2.2.5. Quantitative Reverse Transcription Polymerase Chain Reaction (qRT-PCR) Assay

HPLFs were seeded in 6-well plates at a density of 1 × 10⁴ cells/cm² and were cultured in FM. Three days after seeding, when the cells were confluent, was defined as Day 0 and the medium was replaced with MM + BMP-7 (0, 100 or 200 ng/mL). HPLFs were collected on days 7 or 14 from Day 0. Total RNAs were extracted using a RNeasy Mini Kit (Qiagen, Hilden, Germany) after which complementary DNAs (cDNAs) were reverse transcribed using ReverTra Ace qPCR RT Master Mix with gDNA Remover (Toyobo Co., Osaka, Japan). Quantitative reverse transcription polymerase chain reaction (qRT-PCR) analyses were performed using TaqMan Gene Expression Assays (Applied Biosystems, Waltham, MA, USA). In this study, we used F-spondin (SPON1) mRNA (Hs01120488_m1) as a cementoblast differentiation marker. In addition, cementum protein 1 (CEMP1) mRNA (Hs04185363_s1) was used as a cementoblast-related marker, runt-related transcription factor 2 (RUNX2) mRNA (Hs01047973_m1) and bone gamma-carboxyglutamate protein (BGLAP) mRNA (Hs01587814_g1) were used as markers of calcification. Glyceraldehyde-3-phosphate dehydrogenase (GAPDH) mRNA (Hs03929097_g1) was used as a reference gene. qRT-PCR was performed using a 7500 Fast Real-Time PCR System (Applied Biosystems). The relative expression levels of genes of interest were estimated using the ΔΔ threshold cycle (ΔΔCt) method. The mRNA expression levels were corrected based on GAPDH mRNA expression levels, and target gene expression levels were subjected to relative quantitative analysis (n = 4, and each sample was measured in duplicate).
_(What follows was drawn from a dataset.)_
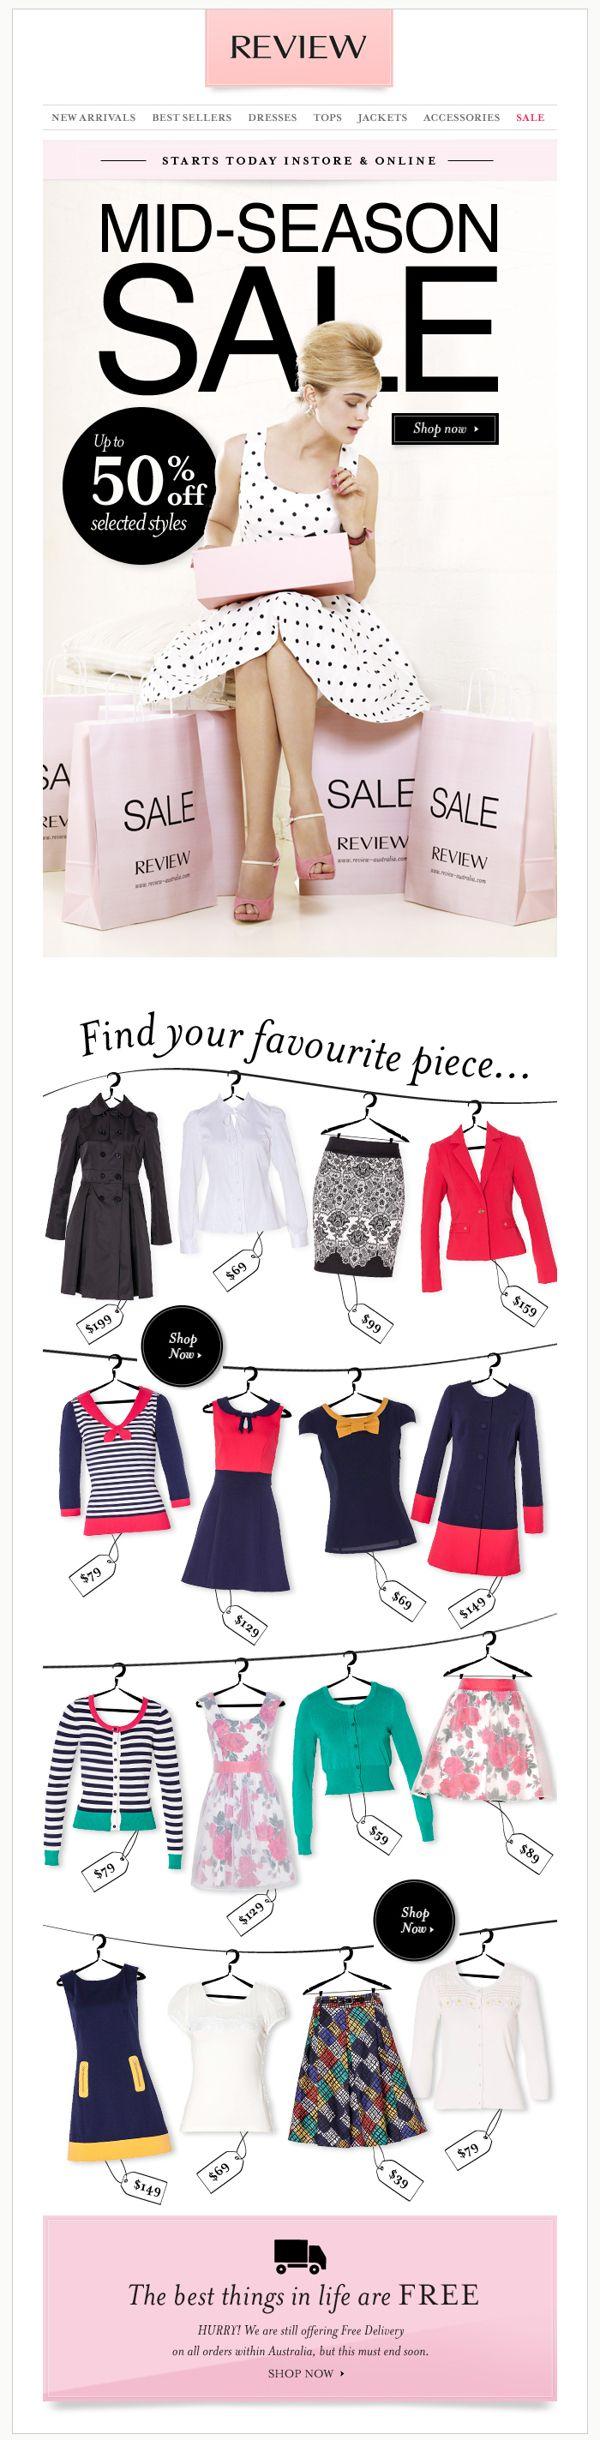 review-australia.com | Weekly eDM/newsletter design by Hollie Bracewell, via…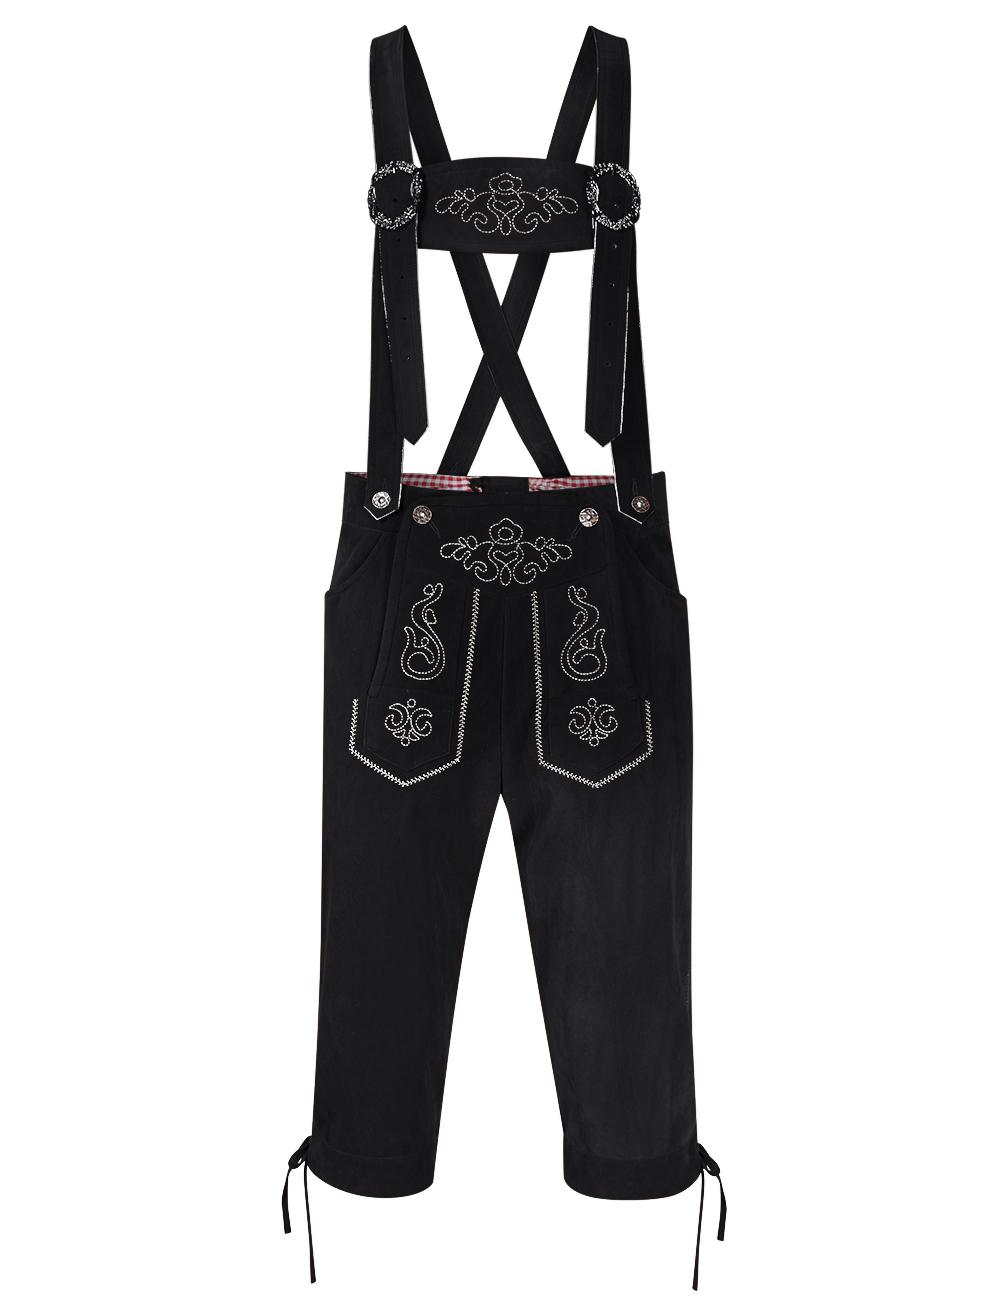 [EU Direct] Men's Oktoberfest Stylish Embroidery Party Dress Pants Vintage Faux Fleece Strap Midi Pants

2.2.6. Western Blot Analysis

HPLFs were seeded in 60 mm dishes at a density of 2 × 10⁴ cells/cm² and were cultured in FM. Three days after the cells became confluent was designated as Day 0, and the medium was replaced with MM + BMP-7 (0, 100 or 200 ng/mL) and refreshed every 3 days. After incubation for 21 days, the HPLFs were lysed in Pierce IP Lysis Buffer (Thermo Fisher Scientific, Waltham, MA, USA) with a protease and phosphatase cocktail and lysates were centrifuged at 12,000 rpm for 10 min at 4 °C. The cell lysates were collected, and total protein levels were measured using the BCA protein assay. Equal amounts of proteins from each sample were loaded per lane and were separated using 10% sodium dodecyl sulfate-polyacrylamide gel electrophoresis (SDS-PAGE) gels (Bio-Rad Laboratories, Inc., Hercules, CA, USA) after which they were transferred to polyvinylidene fluoride (PVDF) membranes (iBlot2 Transfer Stack) using an iBlot2 Dry Blotting system (Invitrogen, Carlsbad, CA, USA). Each membrane was blocked for 1 h using Blocking One (Nacalai Tesque, Kyoto, Japan) and was then incubated overnight at 4 °C with the following primary antibodies: SPON1 (1:1000, #40372, Signalway Antibody LLC, College Park, MD, USA), CEMP1 (1:500, ab169514, Abcam) and GAPDH (1:10,000, ab8245, Abcam). For the BMP signaling pathway, antibodies for total SMAD-1/5/9 (1:1000, ab80255, Abcam), phospho-SMAD-1/5/9 (1:1000, #13820, Cell Signaling Technology, Beverly, MA, USA), and GAPDH (1:10,000) were used. The membranes were washed with TBS containing Tween-20 (TBS-t) for 30 min and were then incubated with the corresponding horseradish peroxidase-conjugated secondary antibodies (1:3000, #170-6515; 1:10,000, #170-6516, Bio-Rad Laboratories, Inc.) for 1 h at room temperature. After the membranes were washed with TBS-t for 30 min, bound antibodies were detected using an ECL Prime kit (RPN2232, Amersham, GE Healthcare Bioscience, Piscataway, NJ, USA) and an ImageQuant LAS 4000 mini (GE Healthcare Bioscience). Western blot data were qualitatively evaluated. The band intensities of the Western blot images were quantified by densitometric analysis using ImageJ software (version 1.54g; National Institutes of Health, Bethesda, MD, USA). The detailed densitometric data are presented in the Supplementary Materials (Table S2).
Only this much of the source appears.